Con tantos cambios era difícil sentirnos instalados, pero mi trabajo era
intentar que así fuera.
Quería crear un ambiente de estabilidad mientras mis hijos, en ese
entonces de 8 y 11 años, mantenían suficiente inocencia para creer que la
vida puede ser estable. Quería crear un sentimiento de esperanza
mientras mi marido, Jonathan, seguía siendo suficientemente joven para
saber que podía volver a empezar.
Yo apenas tenía 45 años, pero mi salud precaria me había enseñado a
aprovechar mi tiempo. Ese día tenía agendado asentarnos en nuestro
nuevo hogar, un edificio de ladrillo con grandes ventanas, tal como
siempre quise hacerlo. Ante los reflejos de la luz en los muros blancos, la
casa se sentía familiarmente pacífica. Jonathan se estaba encargando de
desempacar mientras yo me enfoqué en decorar; sonaba como una tarea
frívola, pero yo sabía que no lo era.
Mientras los niños estaban en el colegio me senté en la mesa de la cocina
a buscar entre las cajas. A lo largo de los años había tomado miles de
fotografías con el afán de documentar cada momento de nuestra vida
juntos, que cada uno se extendiera por la mayor duración posible. Estaba
en busca de fotografías que tuvieran el poder para que un recuerdo
amargo se volviera uno dulce. Imágenes que parecieran decir: “Te quiero
más que nada”; imágenes que susurraran: “No hay palabras para expresar
lo triste que estoy de tener que despedirme”.
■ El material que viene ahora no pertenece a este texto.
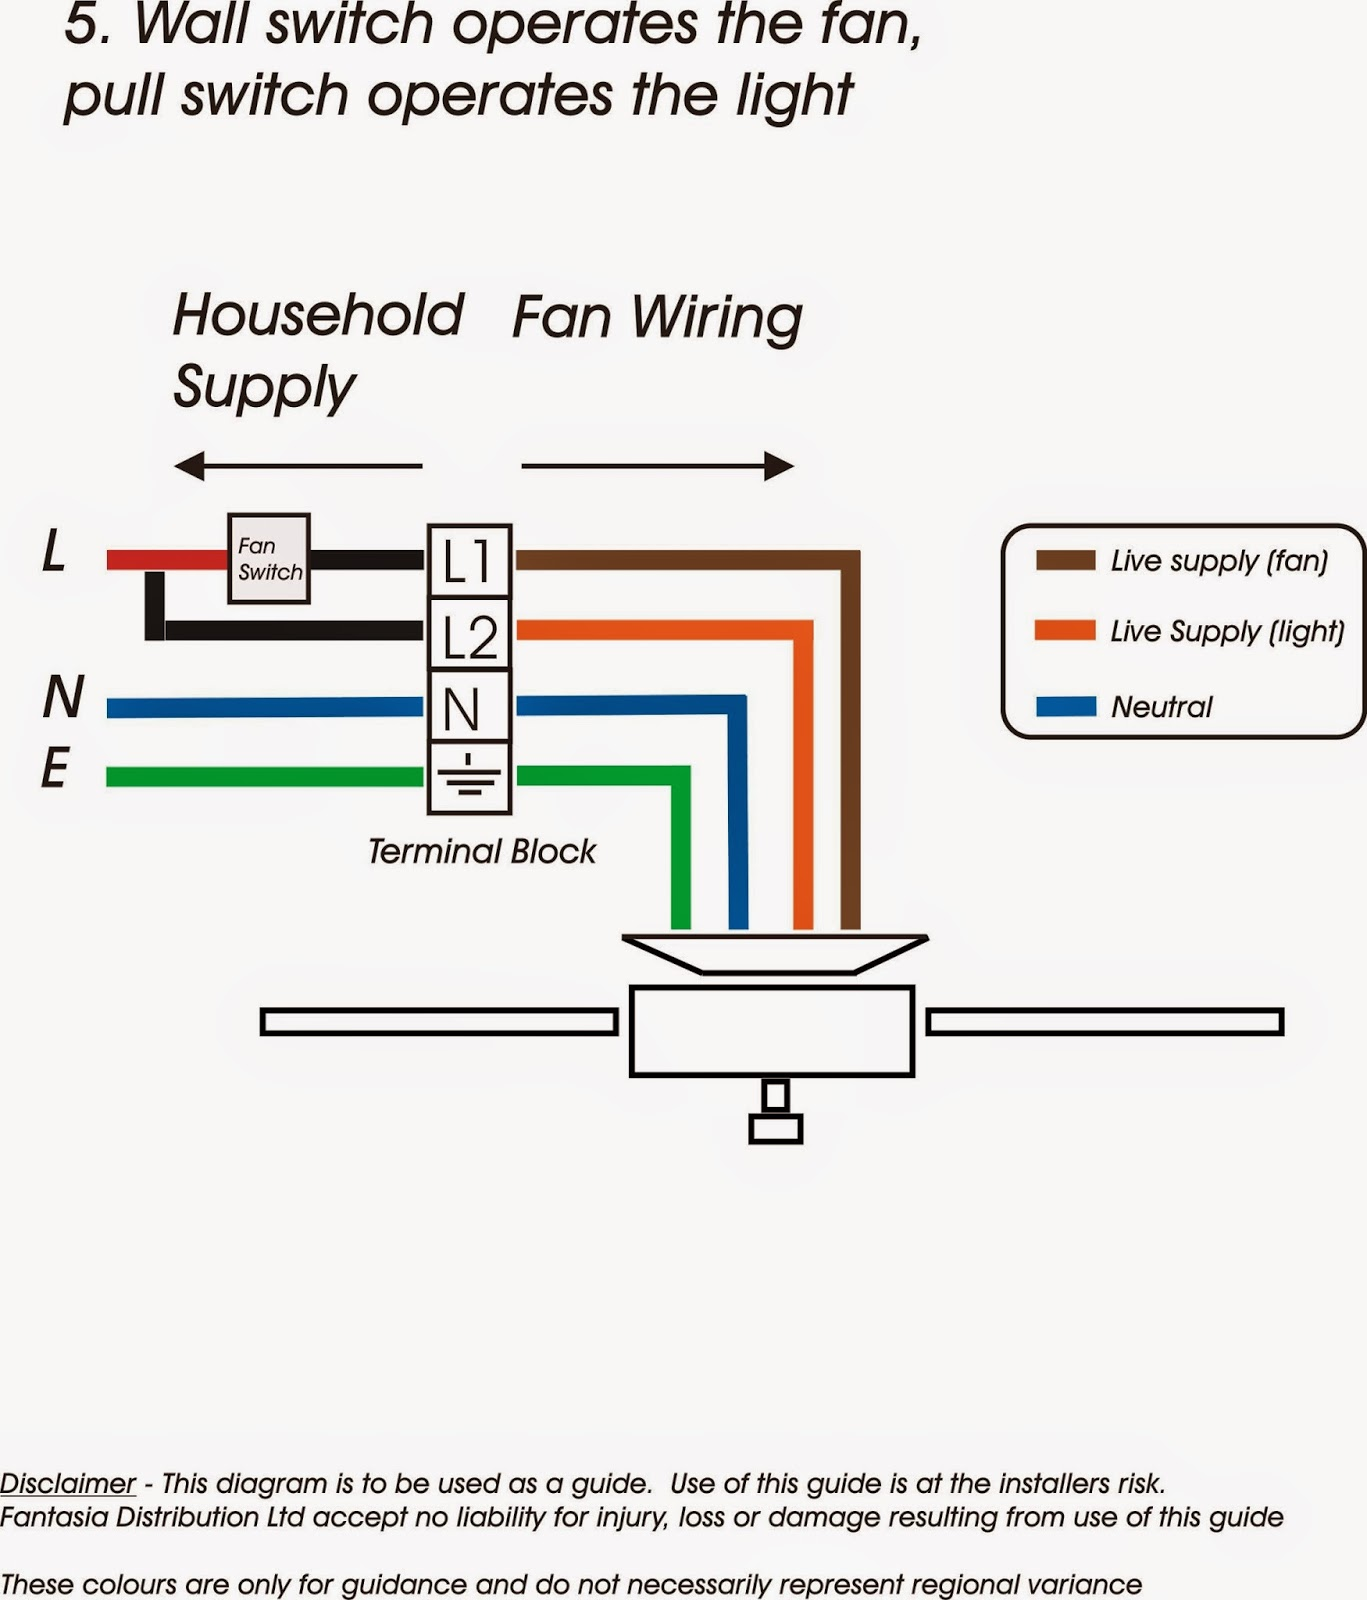 electric work wiring diagramtable fan wiring diagram 21 [ 1367 x 1600 Pixel ]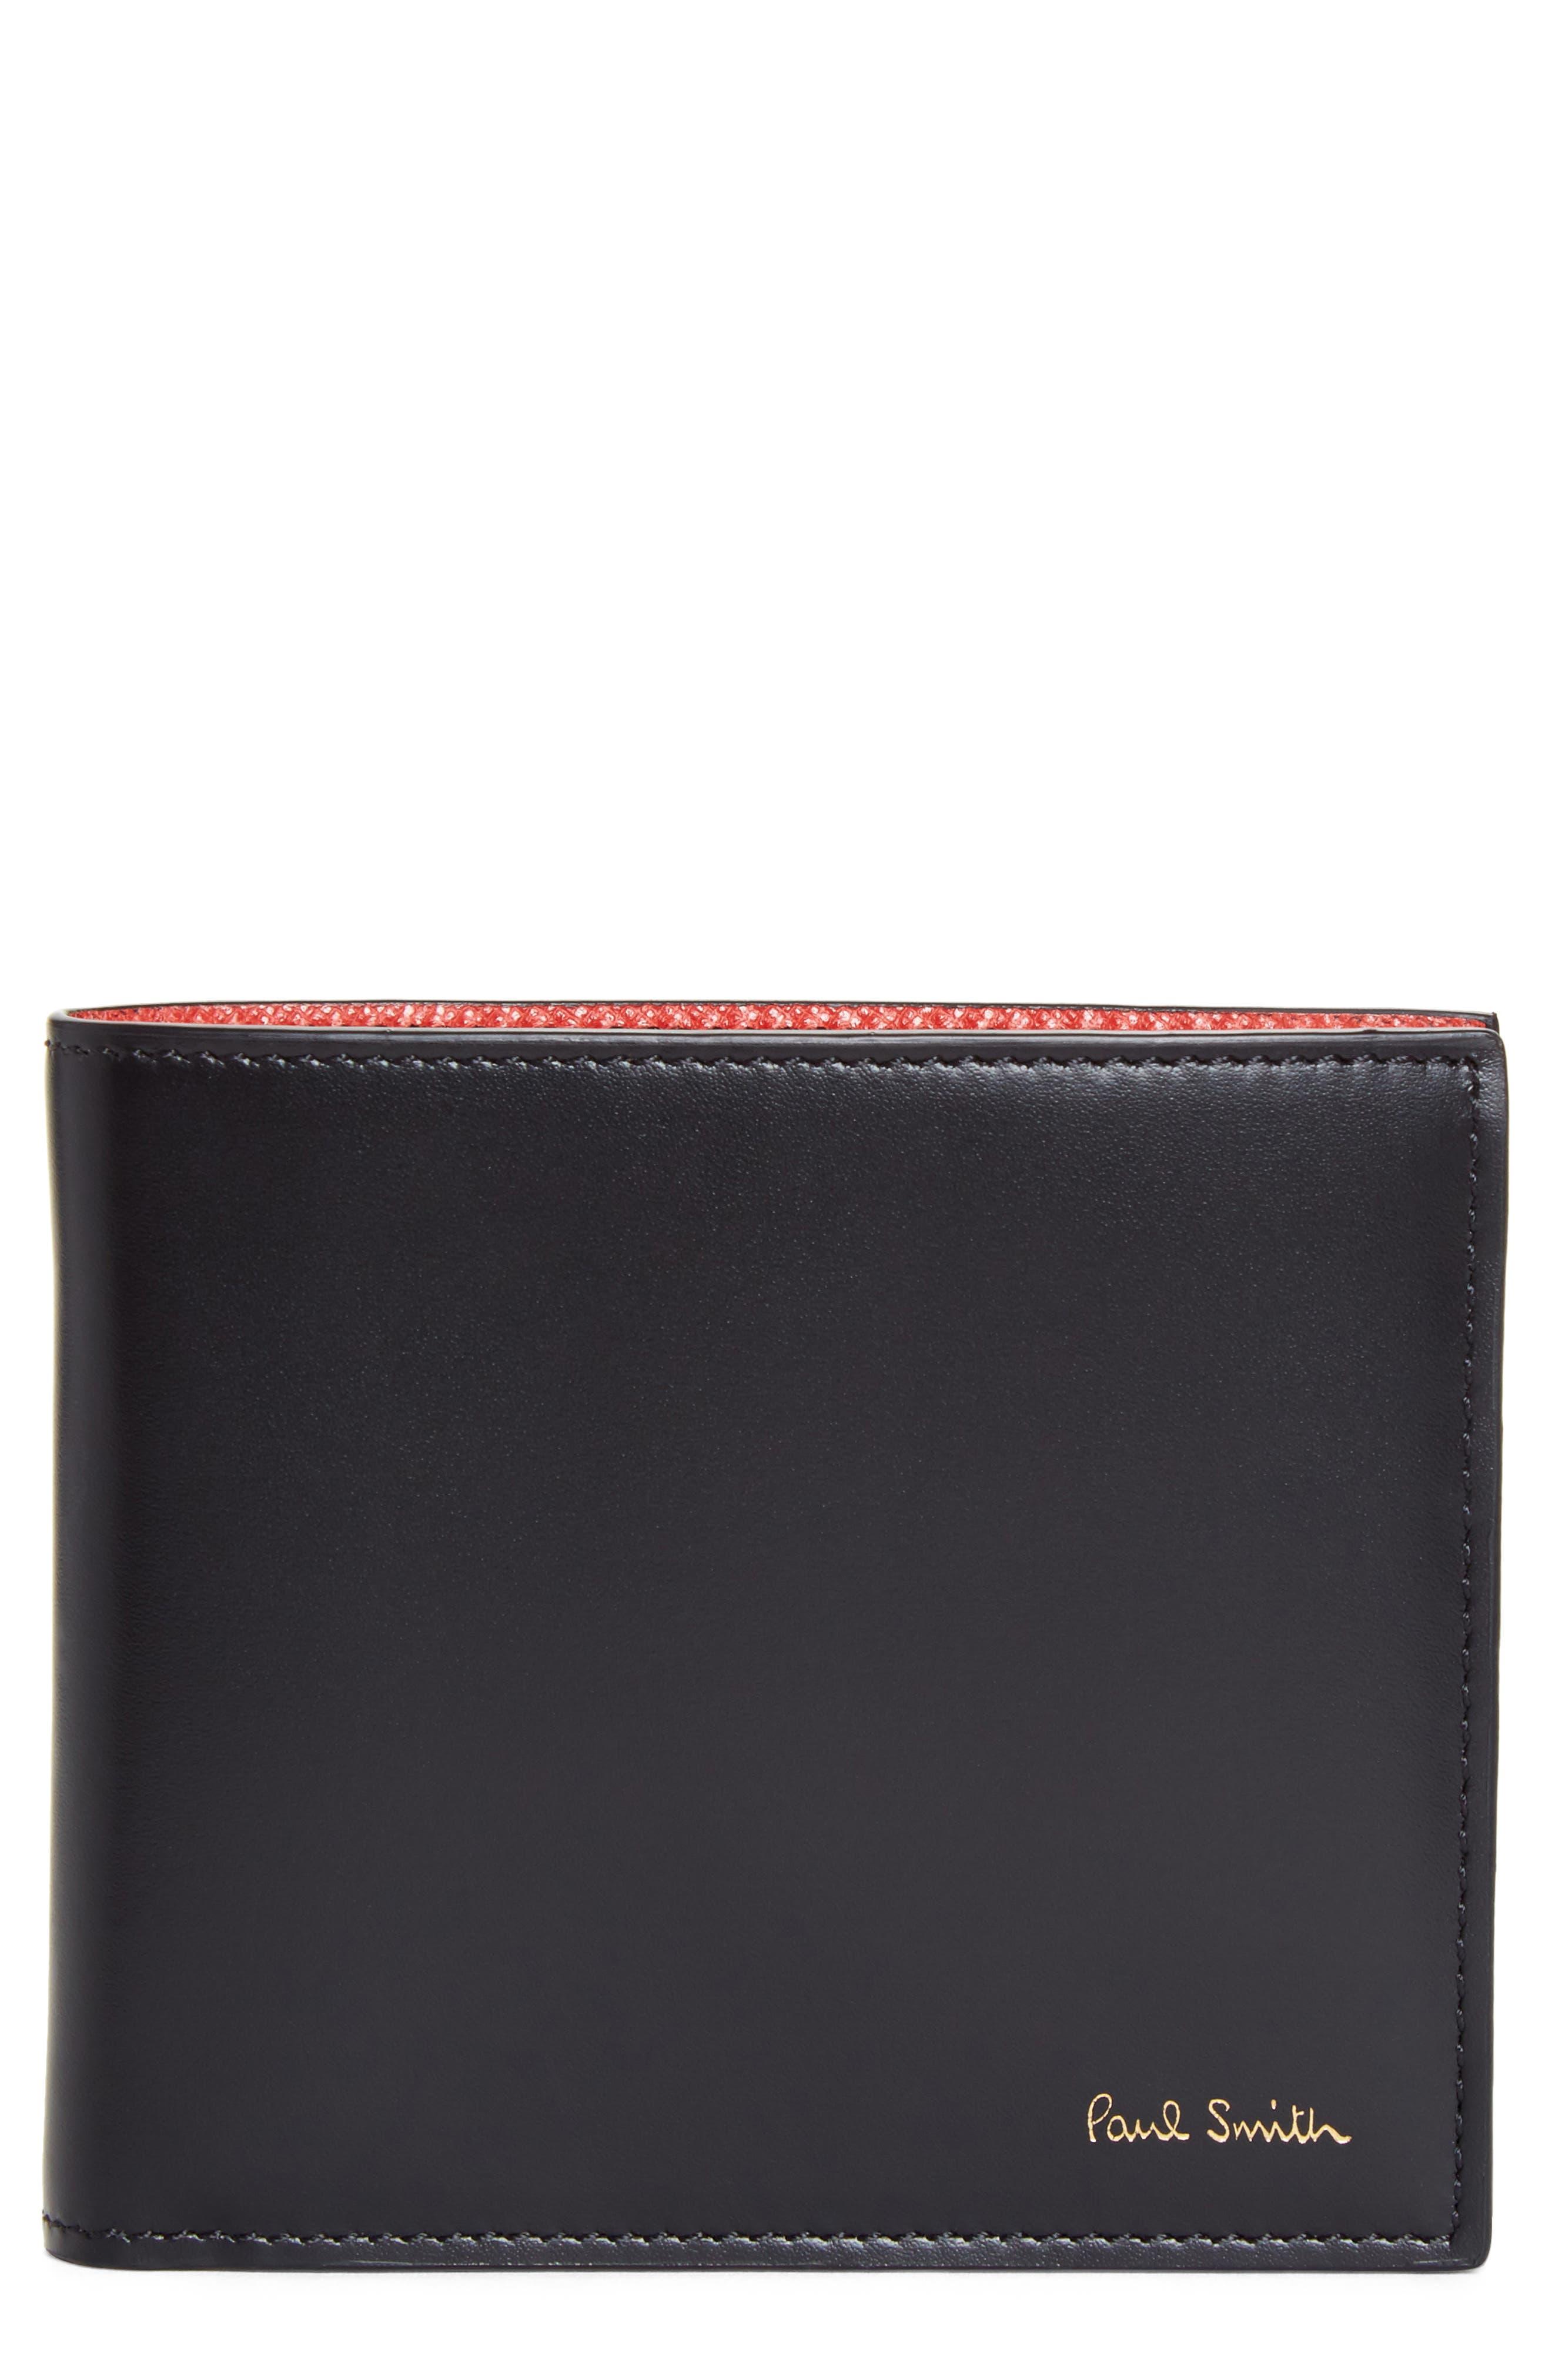 Leopard Print Billfold Wallet,                         Main,                         color, 001

Fui al segundo piso armada con las fotos, los clavos y un martillo. Mis
hijos tenían cada uno su propia habitación, cada una con vista hacia el
jardín. Iba a empezar mi día ahí antes de recorrer el resto de la casa. Para
que cuando regresaran de la escuela su nuevo hogar ya iba a estar lleno
de recuerdos acogedores. Si no podía estar ahí para hacer sentir a salvo a
mi familia, podía crear ese sentimiento acogedor de este modo.
Revisé las opciones de fotografías en busca de cuadros donde sí hubiera
contacto como abrazos y grandes sonrisas, algo que transmitiera
intimidad alegre; una de nosotros acampando que sugiriera el ciclo
natural de la vida, y una de ellos con otros familiares y amigos para
demostrarles que el amor siempre está al alcance.
Cada día me preparo. Tomo un montón de medicamentos y de
suplementos. Voy a aquel doctor y a ese psíquico, luego rezo. En mi auto
tengo nitroglicerina, también en mi mochila y al lado de mi cama. Están
empacados todos los básicos para la hospitalización. Después de ocho
ataques cardiacos ya aprendí a estar lista.
Jonathan se asomó. “¿Cómo va todo aquí?”.
“Me asustaste”, le dije.
“Pues ya me ha tocado asustarme por ti”, respondió.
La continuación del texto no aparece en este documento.